Gender, Communications, and Reproductive Health in International Development

How women and health NGOs use communications strategically to advocate for gender equality and reproductive health.

Description

To this day, women globally are subjected to forms of control over their bodies, and their ability to exercise their reproductive rights in particular is still constrained. Amid a rise of challenges to the advancement of women’s rights, including the recent overturning of Roe v. Wade in the United States, sexual and reproductive health rights are at the forefront of conversations about the advancement of gender equality.

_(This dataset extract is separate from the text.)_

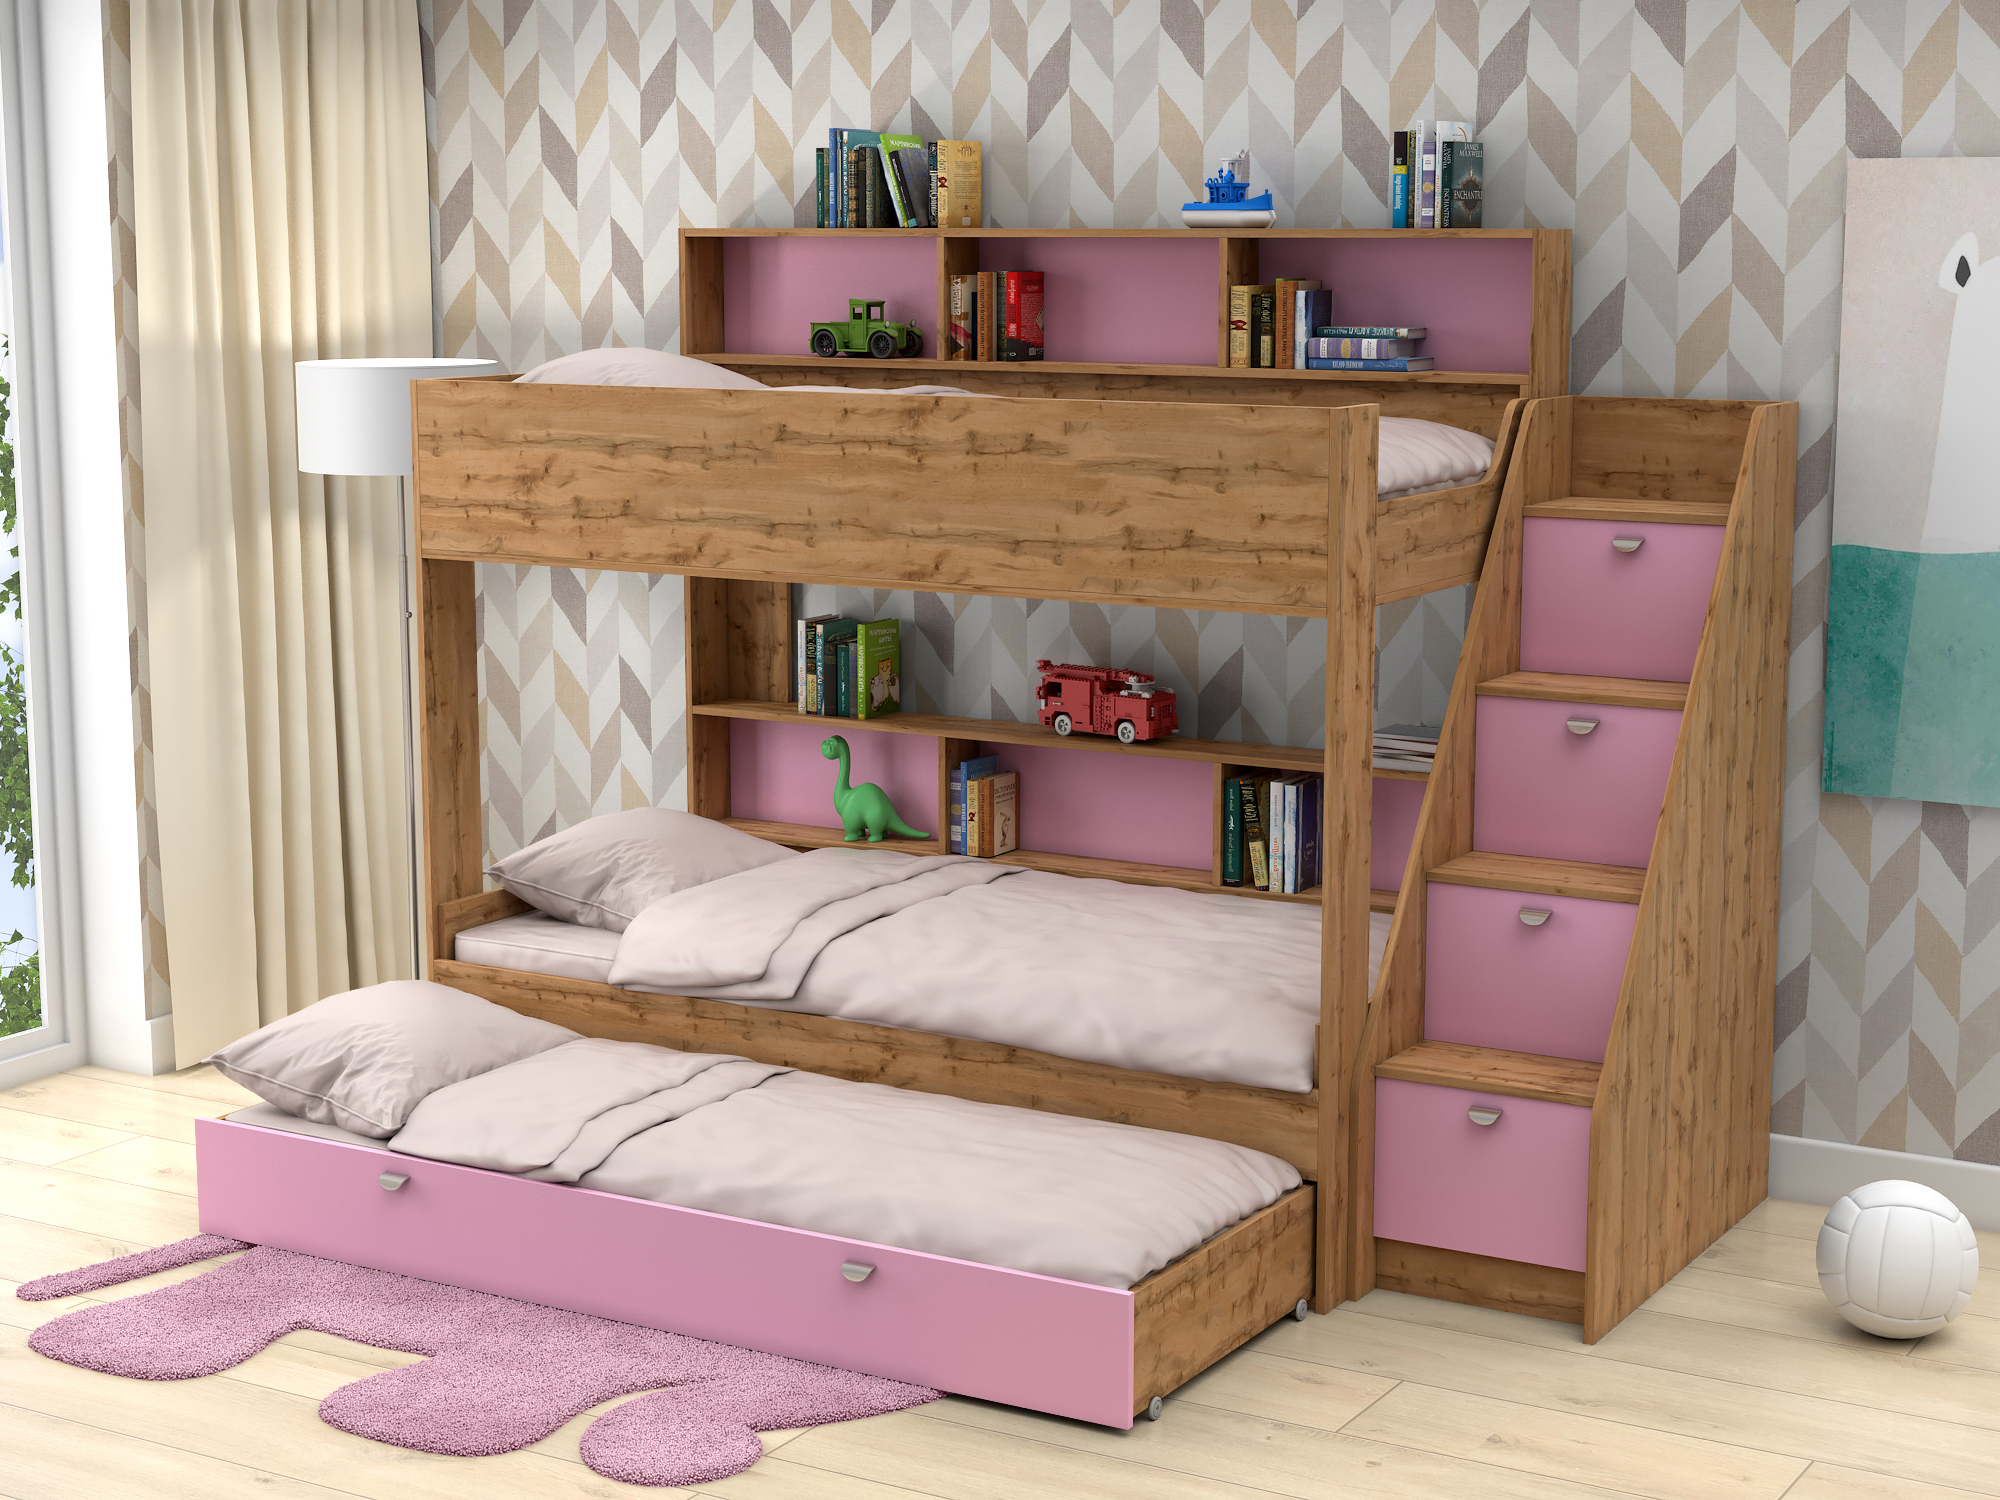 Трехъярусная кровать Golden Kids 10.1 (90х190/85х185) Розовый, Бежевый, ЛДСП трехъярусная кровать golden kids 10 1 90х190 85х185 зеленый бежевый лдсп

To determine how communications are used strategically to shape policy, Carolina Matos explores fifty-two feminist and health NGOs from across the world and how they are improving discourse on sexuality and reproductive health in the public sphere. She investigates how these organizations are making use of communications amid various contemporary challenges, including the proliferation of misinformation about women’s rights and health in the public sphere due to the actions of oppositional far-right nationalist groups. Through original in-depth interviews within the NGOs and empirical research of the institutions’ online presences, Matos unpacks the complexities of the relationship between women’s health, communications, and development, contributing to the fields of development, health communications, and gender studies, and advancing the debate on the role of feminist NGOs in advocating for women’s rights.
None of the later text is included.